Tswaerp. Primary service endpoint inaccessible for 60 seconds.

This time he did mute the alerter, but . . . auto-repair actions? That could only mean the auto-debugging system they’d put in place five years ago now, tying the AI code generator and fault analyzer directly into the service management system. If a server process ever logged an error, the analyzer would kick in, find the cause, and send a request to the code generator—which would, in turn, automatically update the server code to fix the bug. It very neatly solved the lag of a human having to run the analyzer, look at what it reported, retype that into the generator, and then copy the generated code into the right place (which actually turned out to be the greatest source of human-introduced bugs). Dave himself, as chief implementor, and Jess, the project’s chief engineer, had gotten promotions for that work, which ultimately meant they now got a salary for little more than sitting in a mostly-empty office and relaxing all day.

Dave got up from his seat now and walked over to where Jess sat, music faintly leaking from earbuds as she tapped away on her keyboard, seemingly engrossed in some pet project or other. “Jess,” he said, raising a hand to get her attention, “got a minute?”

“I’m sorry, Dave,” she said without looking up. “I’m afraid I can’t do that.”

Dave rolled his eyes. “I will build an airlock in the wall and kick you out. Seriously, we got a problem.”

Now she did look up, taking one earbud out. “Problem?”

“Something’s screwy with the auto-repairer. Server instances down, tons of build failures in the logs—”

“Wait, what?” The other earbud came out as well, and she tossed them onto her desk as she loaded the management console on her own terminal. It showed the same state Dave had seen, except that the active instance ratio was now down to a tiny fraction that might as well be zero. She quickly went to the error list, picking one of the many build failure reports shown there and scanning over the output log.

“What the . . . type mismatch? Seriously?” She stared at the offending line in disbelief for a moment, then opened a source code browser at the relevant version, already outdated as the auto-repair system continued submitting changes.
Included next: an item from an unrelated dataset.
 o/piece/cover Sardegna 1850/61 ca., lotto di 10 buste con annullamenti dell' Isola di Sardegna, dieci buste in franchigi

“Here,” she said a moment later, pointing to a line which had been added in the previous repair attempt. “It’s defining a new type, but it’s only using it here, so of course it doesn’t match—but I know I tested this case before . . .” She began scrolling through the version history now, looking at other changes the auto-repairer had been making. “Yeah,” she continued after a moment, “all of these make sense locally, but it’s like the generator suddenly got stupid or something.” She thought for a moment. “We didn’t have a model update recently, did we?”

Dave shook his head. “Last one was . . . a year ago, I think? And it’s been working fine for my scripts, at least.” All two he’d touched in recent memory, to be fair, but he hadn’t noticed any problems in the AI-produced code. At the least, it was probably better than what he could write himself. Whoever hand-wrote code anymore?
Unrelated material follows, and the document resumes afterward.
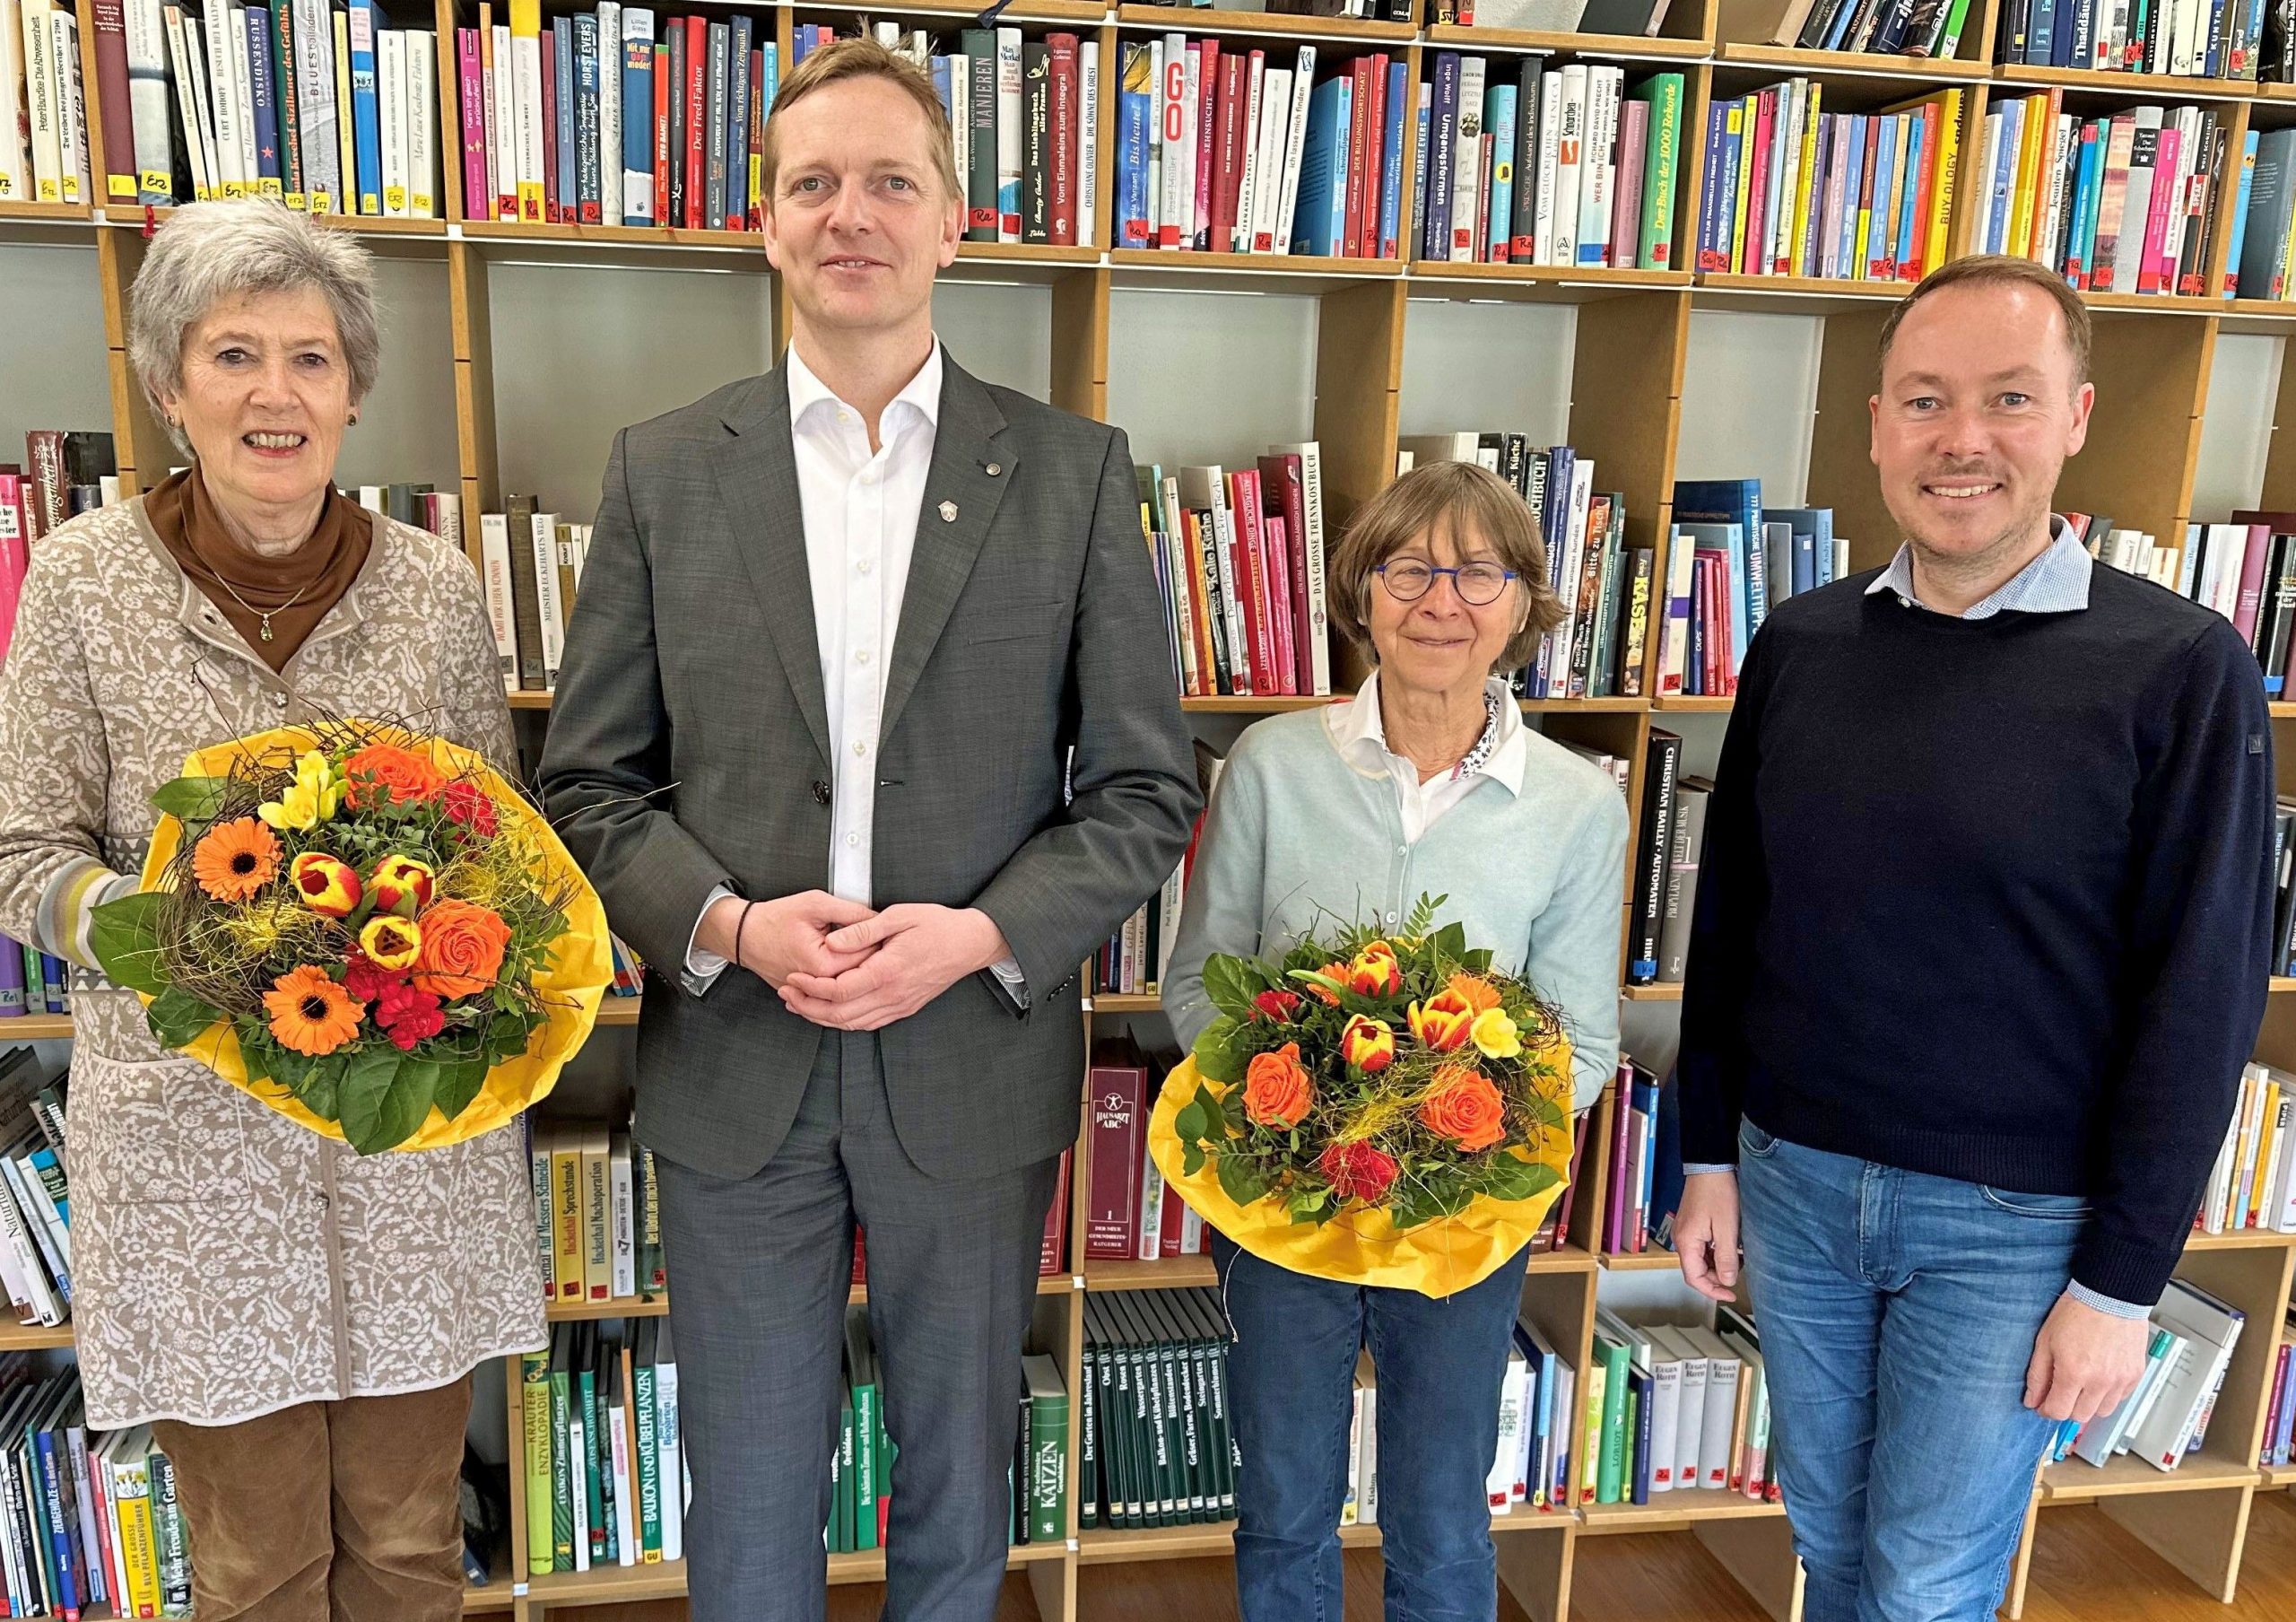 von links Ute Schwartz, Aschaus Bürgermeister Simon Frank, Christel Lenhard und Tourismuschef Herbert Reiter vor einer Wand mit Büchern. Die beiden Damen halten je einen bunten Blumenstrauß in den Händen

“A year ago . . .” Jess repeated, jumping back to that point in the history, then slowly scrolling forward. And now that he looked at it, Dave could see that there was a slow increase in the rate of changes since that point: nothing obvious until today’s still-unfolding disaster, but more frequent repair events, and sometimes clusters of two, three, or even more changes for a single incident. “Yeah, something’s fishy,” Jess said half to herself, “but . . . unless . . .” A frown crossed her face. “Ugh, I hope not.”

“Hope not . . . what?” Dave wasn’t sure he wanted to hear the answer, but he couldn’t help asking.

“Old theory I read once,” Jess explained. “Claimed AI had a ceiling, would get worse over time as it trained on its own output, like the old telephone game.” She sighed. “Everybody assumed it was bunk, but—”

“Hey, you guys?” came a voice from across the room.

“We’re on it,” Jess shouted back even before Dave glanced up to see their boss Sam looking uncertainly toward them.

“We’re starting to get complaints, so, uh, just so you know . . .”

“We’re on it,” Dave repeated, then refocused his own attention on the display. Explaining the problem could wait until they’d figured out what to do about it.

But . . . what, indeed, to do about it? They could hardly return to the previous model; that would have long since been consigned to the electronic dustbin by the AI megacorp which ran it. The theory would be to roll back their own code to the last working version, get that up so at least the service was running, manually fix whatever bug triggered the current disaster (hoping it was within their manual coding skills to fix), and then start digging into—

“Shit,” said Jess amid a sudden flurry of keyboard tapping.

Startled out of his contemplation, Dave saw that Jess had opened a command terminal and was forcibly shutting down one internal service after another. “Wait, what?”

“Repo’s corrupt.”

Shit, thought Dave.

“The change rate must’ve triggered some storage bug—all the VCS ops are returning errors. I’m stopping everything, gonna see if I can recover it.”

Dave nodded worriedly. Their version control software was widely used throughout the world, and ought to have been well tested against faults like this. But then again, the authors of that software were probably also using AI to write their code now, and if they were using this same, supposedly new-and-improved model . . .

Then a thought occurred to Dave. “Hey,” he said to Jess, “when you were first building the repairer, you did some tests with having it generate code from scratch, right?”

Jess grunted an acknowledgment, still focused on her cleanup attempts.

“You still have that code somewhere?”

“Uh . . . check under ‘experiments’, I think.” Then Jess glanced up in surprise. “Wait, you want to use that to rebuild the code?”

“More I just want to see if the current model can pass those, but if the repo’s busted, that might be our only option.” Dave paused. “That, or rewrite it all by hand.”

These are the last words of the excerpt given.